● **AIM OF THE TASK**:
Return the listing below verbatim. Pictures do not belong in the copy.

● **PROVIDED MATERIAL**:
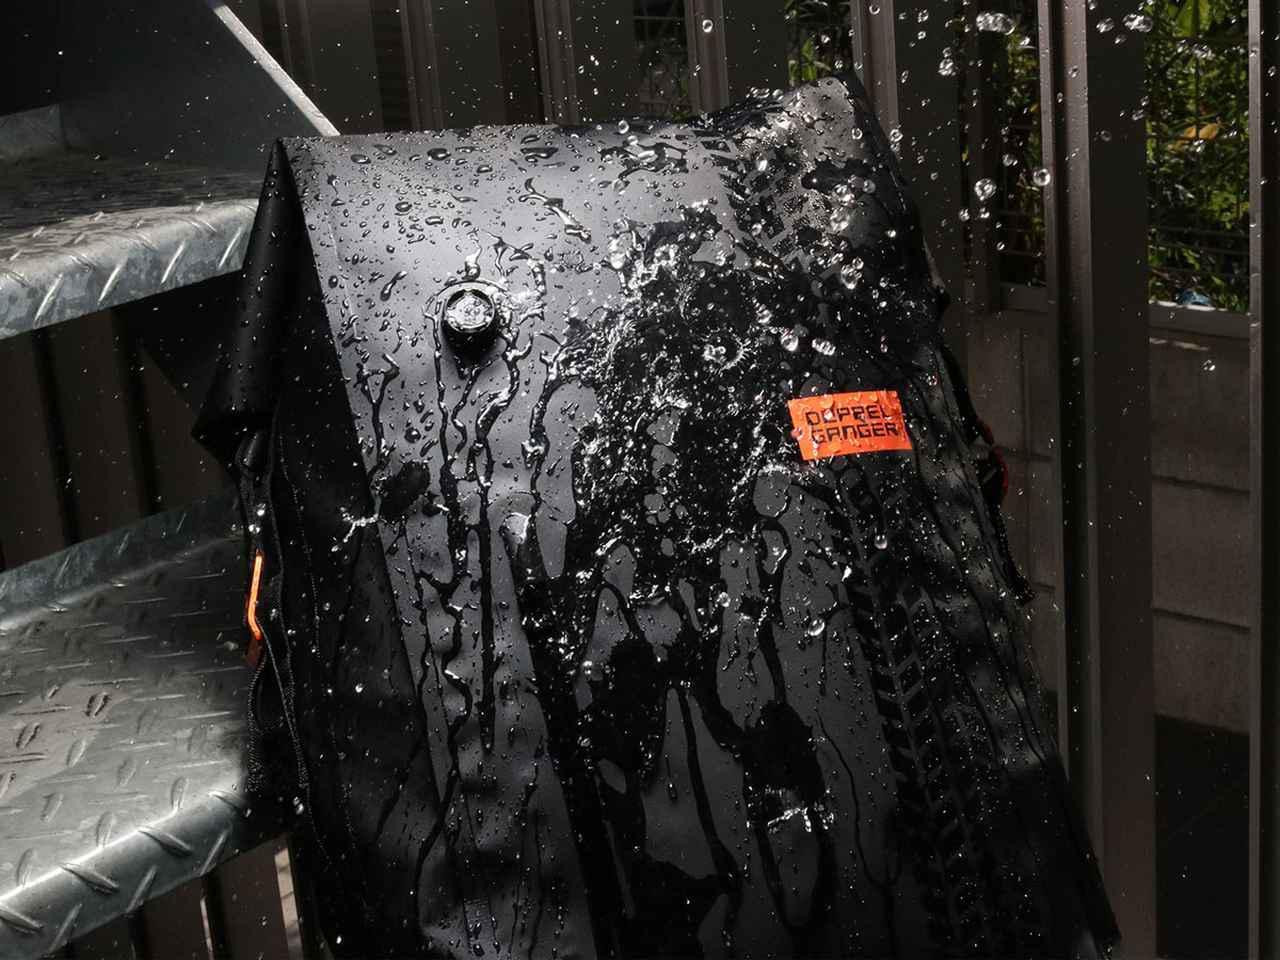 画像: ターポリンバッグシリーズ共通の高い防水性能はしっかり継承。熱圧着によって成形されたシームレス構造で、突然の雨や泥水から大事な荷物を守ります。
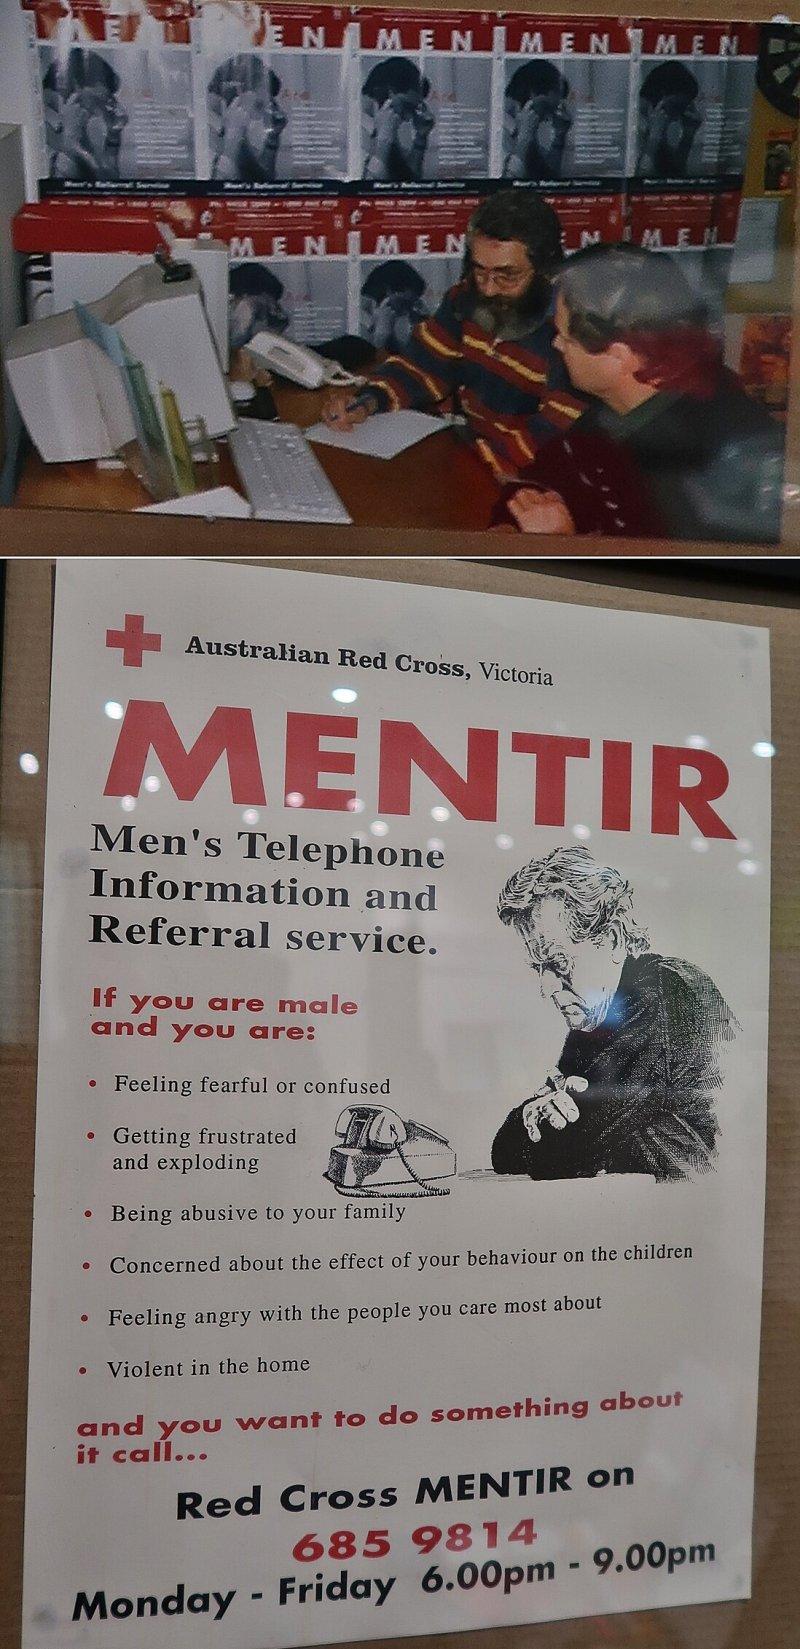 초기 상담실 모습. 전화를 걸어온 남성들이 더 솔직한 이야기를 털어놓도록 한때 남성 상담원들만이 전화를 받았지만, 몇해 전부터 여성 상담원들도 함께 전화를 받고 있다.
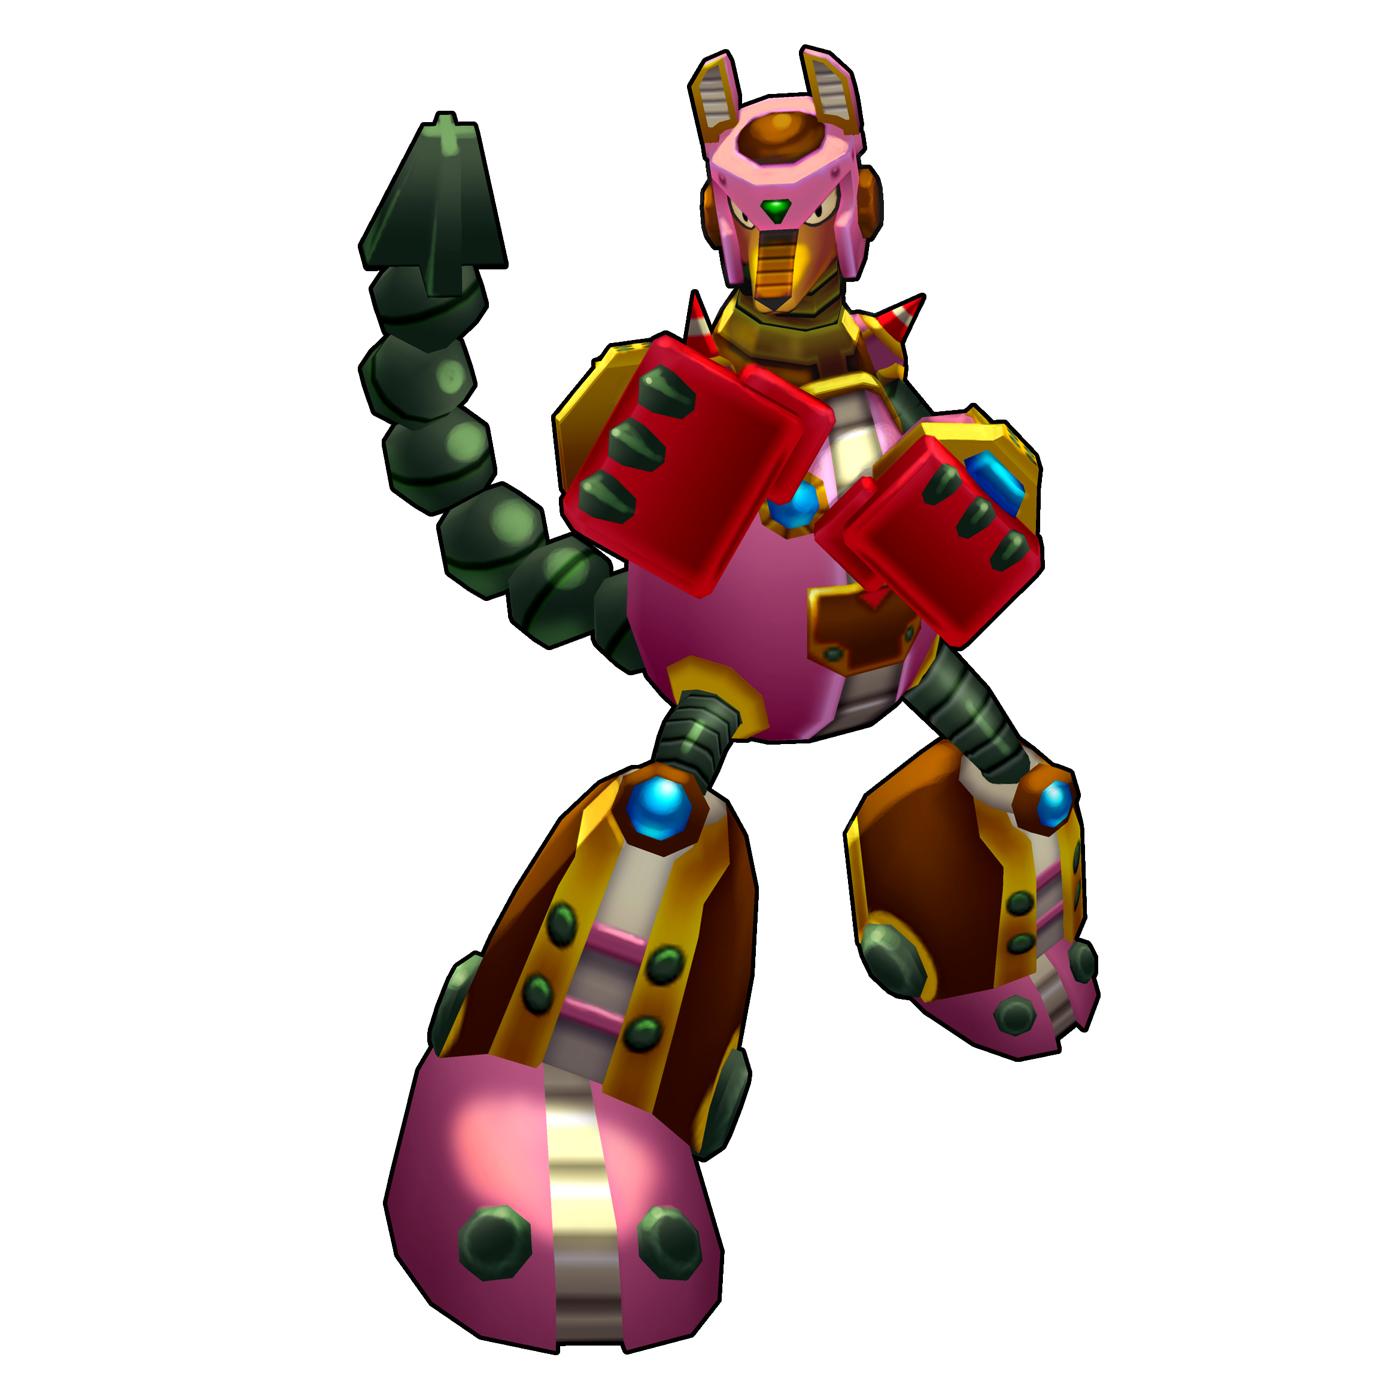 Vanishing gungaroo mmkb fandom powered by wikia - Megaman wikia ...

● **TASK SOLUTION**:
 画像: ターポリンバッグシリーズ共通の高い防水性能はしっかり継承。熱圧着によって成形されたシームレス構造で、突然の雨や泥水から大事な荷物を守ります。
 초기 상담실 모습. 전화를 걸어온 남성들이 더 솔직한 이야기를 털어놓도록 한때 남성 상담원들만이 전화를 받았지만, 몇해 전부터 여성 상담원들도 함께 전화를 받고 있다.
 Vanishing gungaroo mmkb fandom powered by wikia - Megaman wikia ...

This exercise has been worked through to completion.